Hübnerite or hubnerite is a mineral consisting of manganese tungsten oxide (chemical formula MnWO_{4}). It is the manganese endmember of the manganese-iron wolframite solid solution series.
It forms reddish brown to black monoclinic prismatic submetallic crystals. The crystals are typically flattened and occur with fine striations.

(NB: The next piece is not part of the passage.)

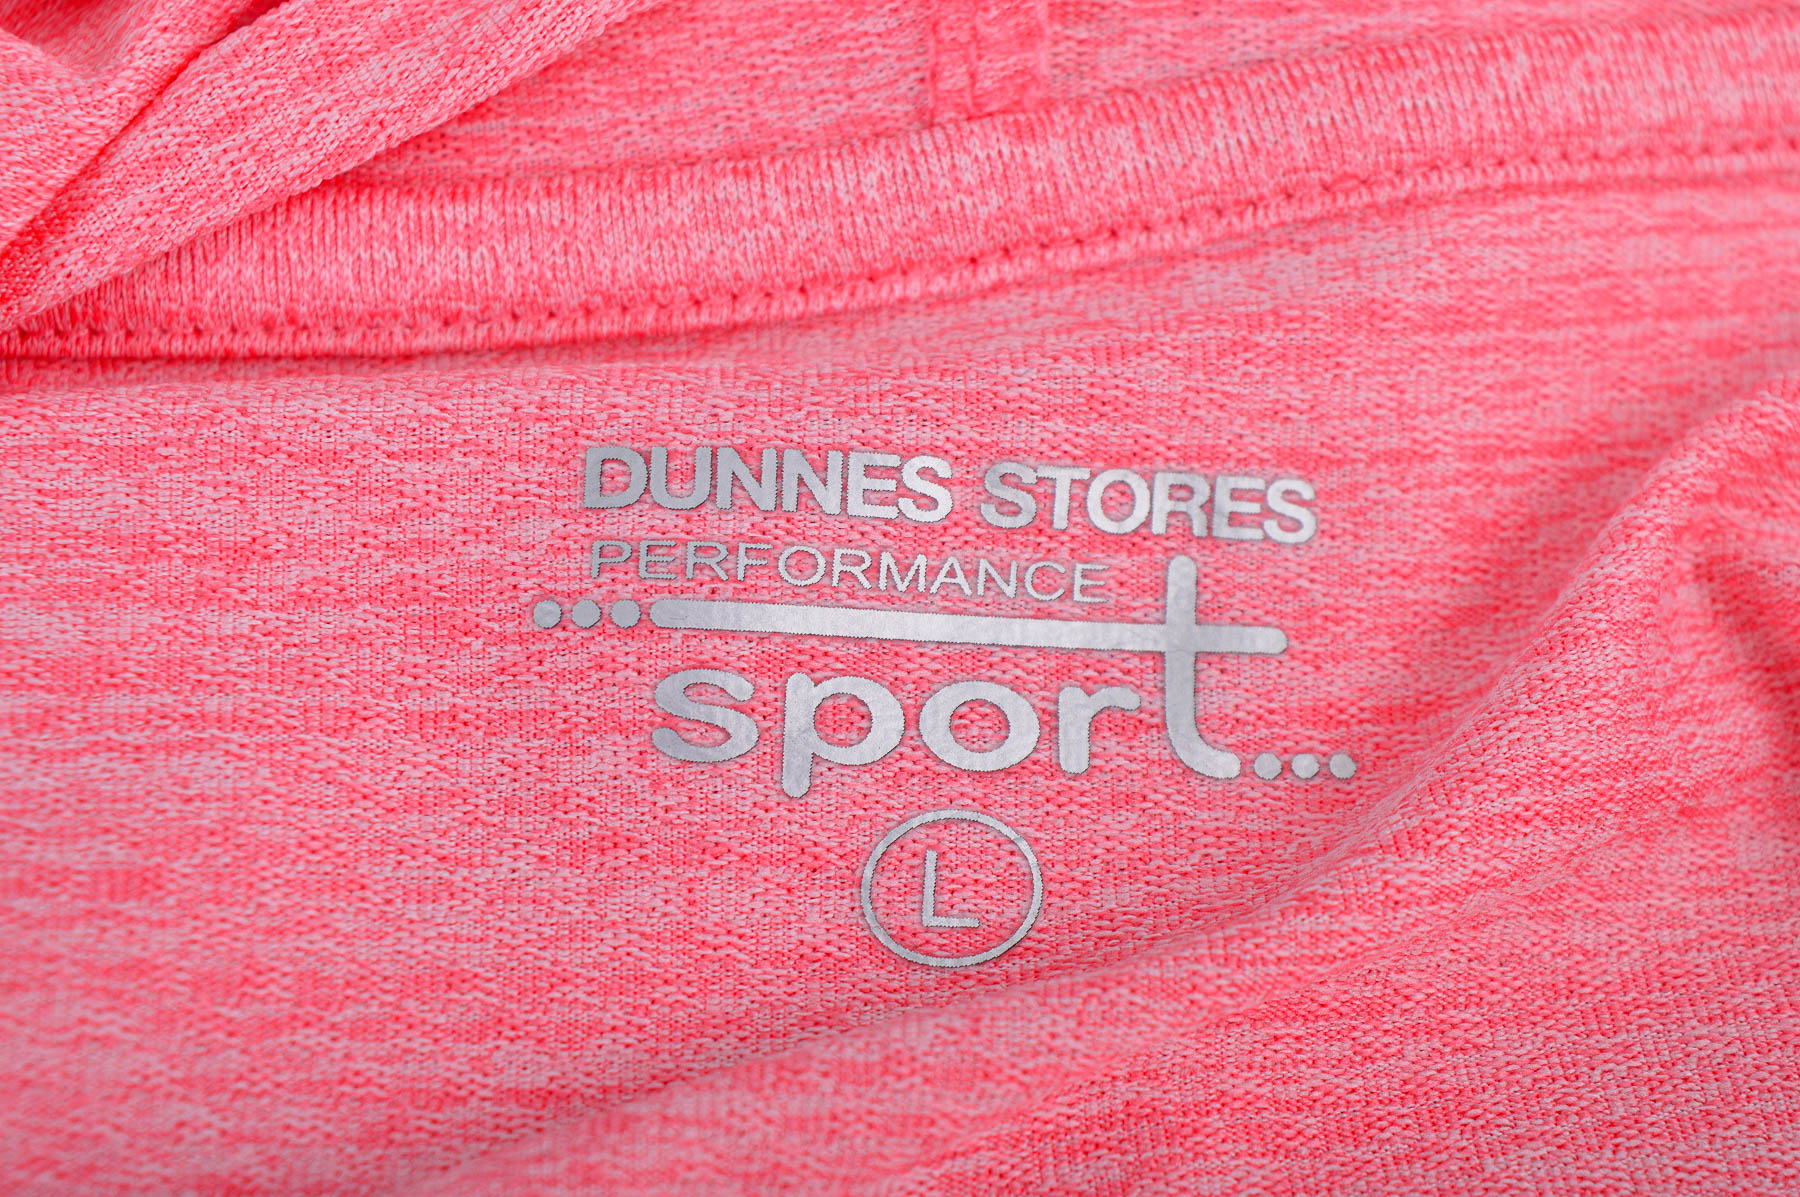 Damski top sportowy - Dunnes Stores - 2
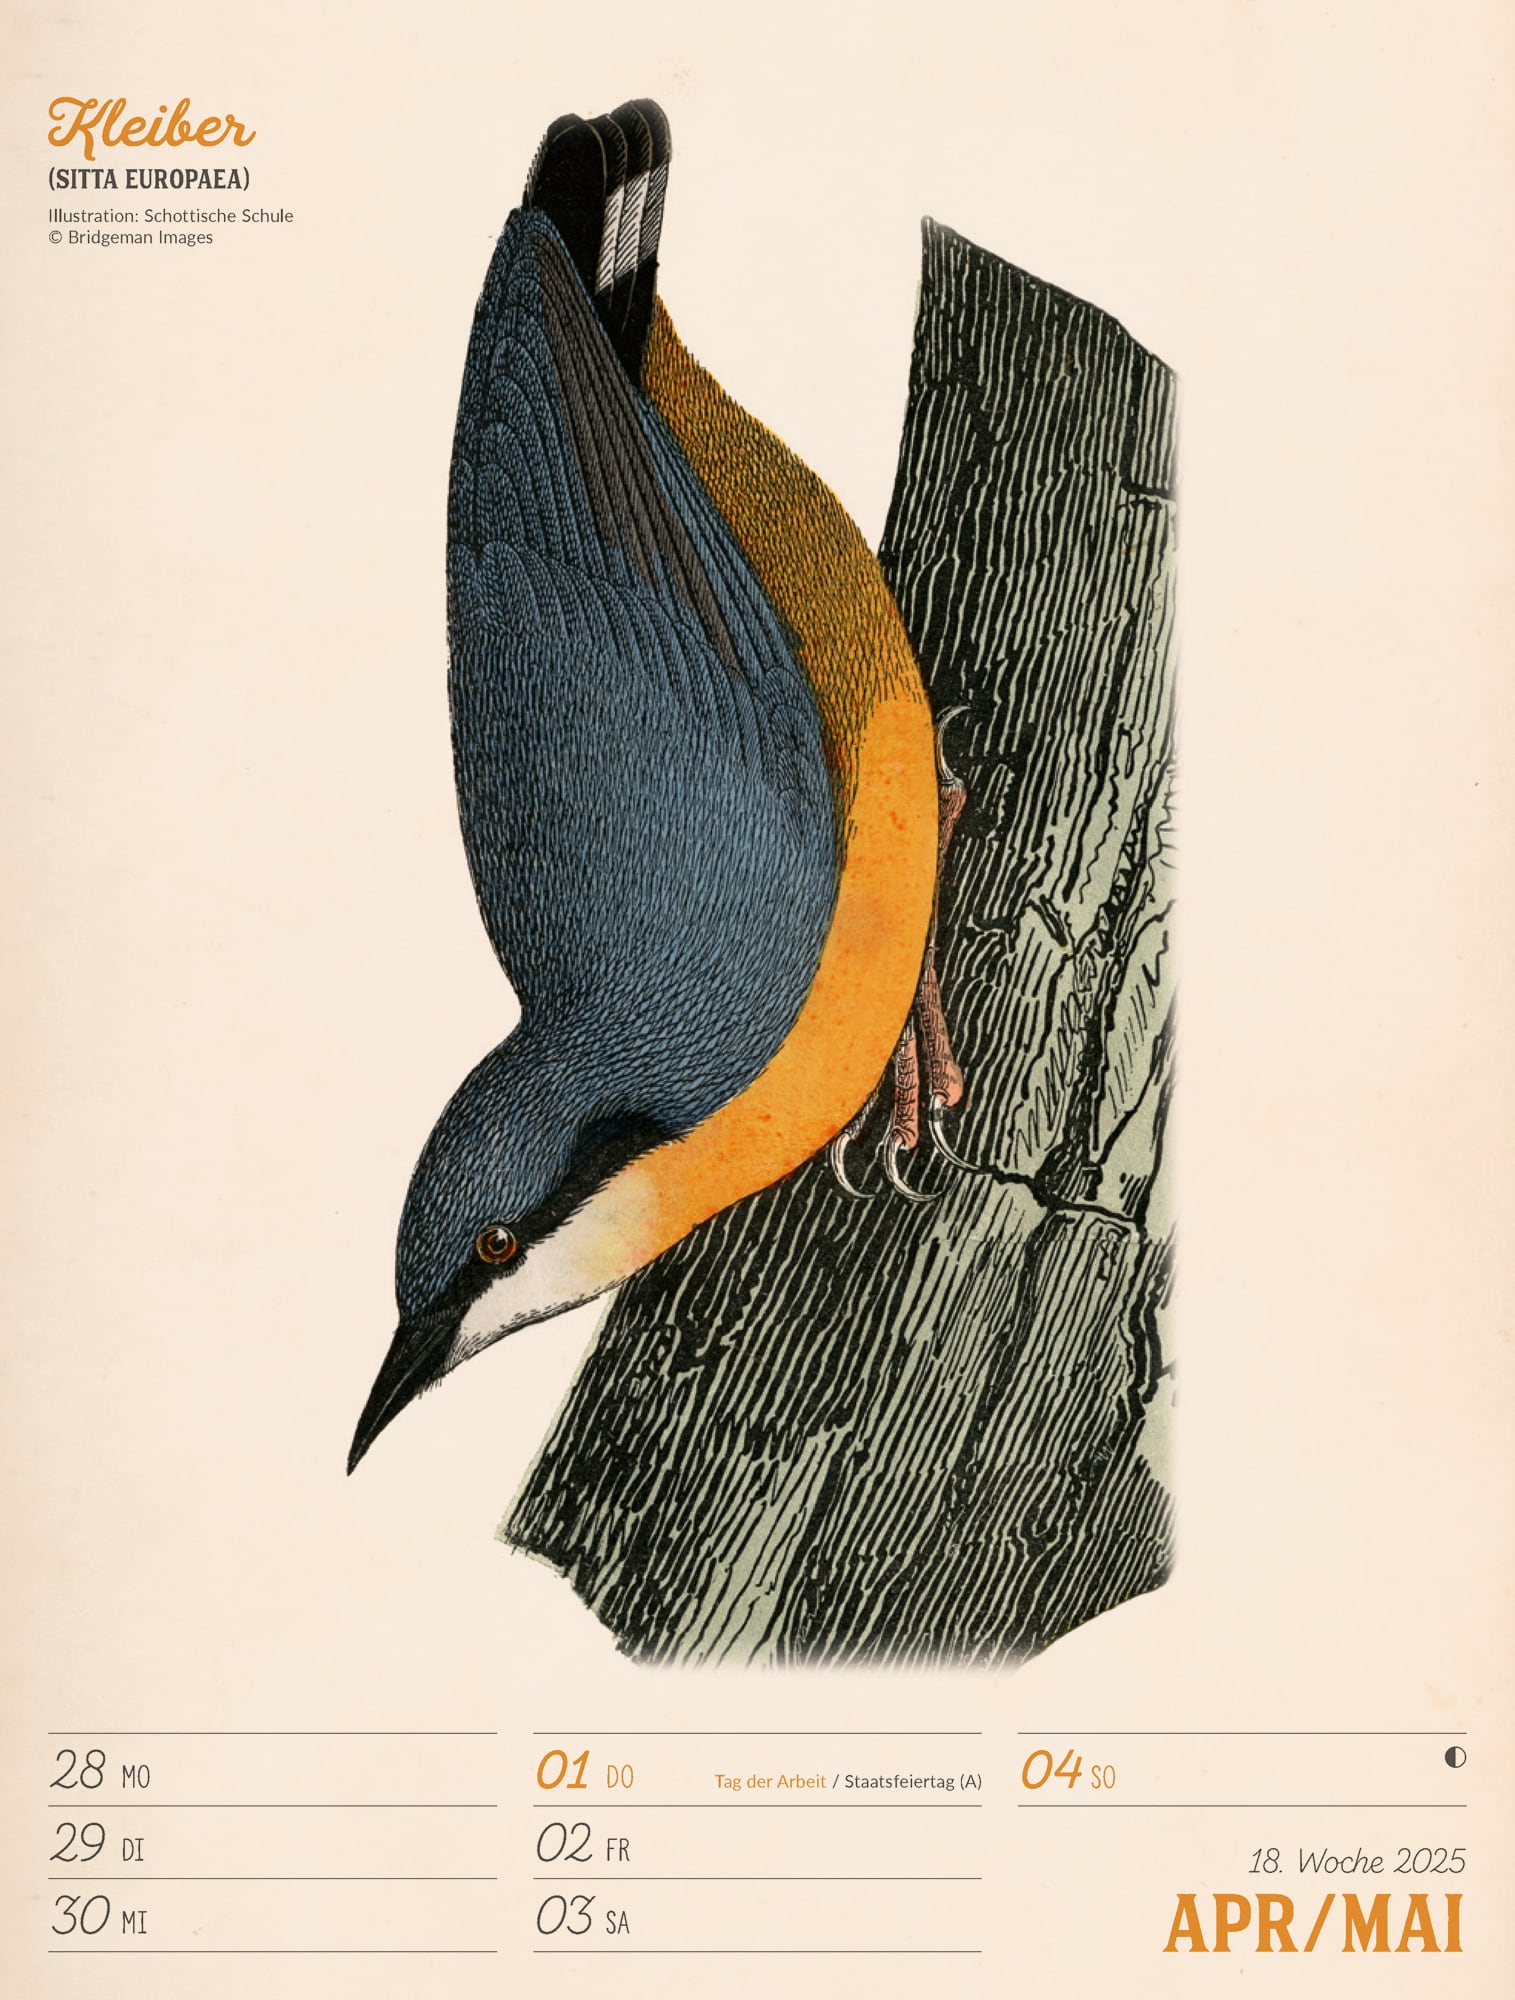 Ackermann Calendar The wonderful World of Birds 2025 - Weekly Planner - Inside View 21

It has a high specific gravity of 7.15 and a Mohs hardness of 4.5. It is transparent to translucent with perfect cleavage. Refractive index values are n_{α} = 2.170 – 2.200, n_{β} = 2.220, and n_{γ} = 2.300 – 2.320.

Typical occurrence is in association with high-temperature hydrothermal vein deposits and altered granites with greisen, granite pegmatites and in alluvial deposits. It occurs associated with cassiterite, arsenopyrite, molybdenite, tourmaline, topaz, rhodochrosite and fluorite.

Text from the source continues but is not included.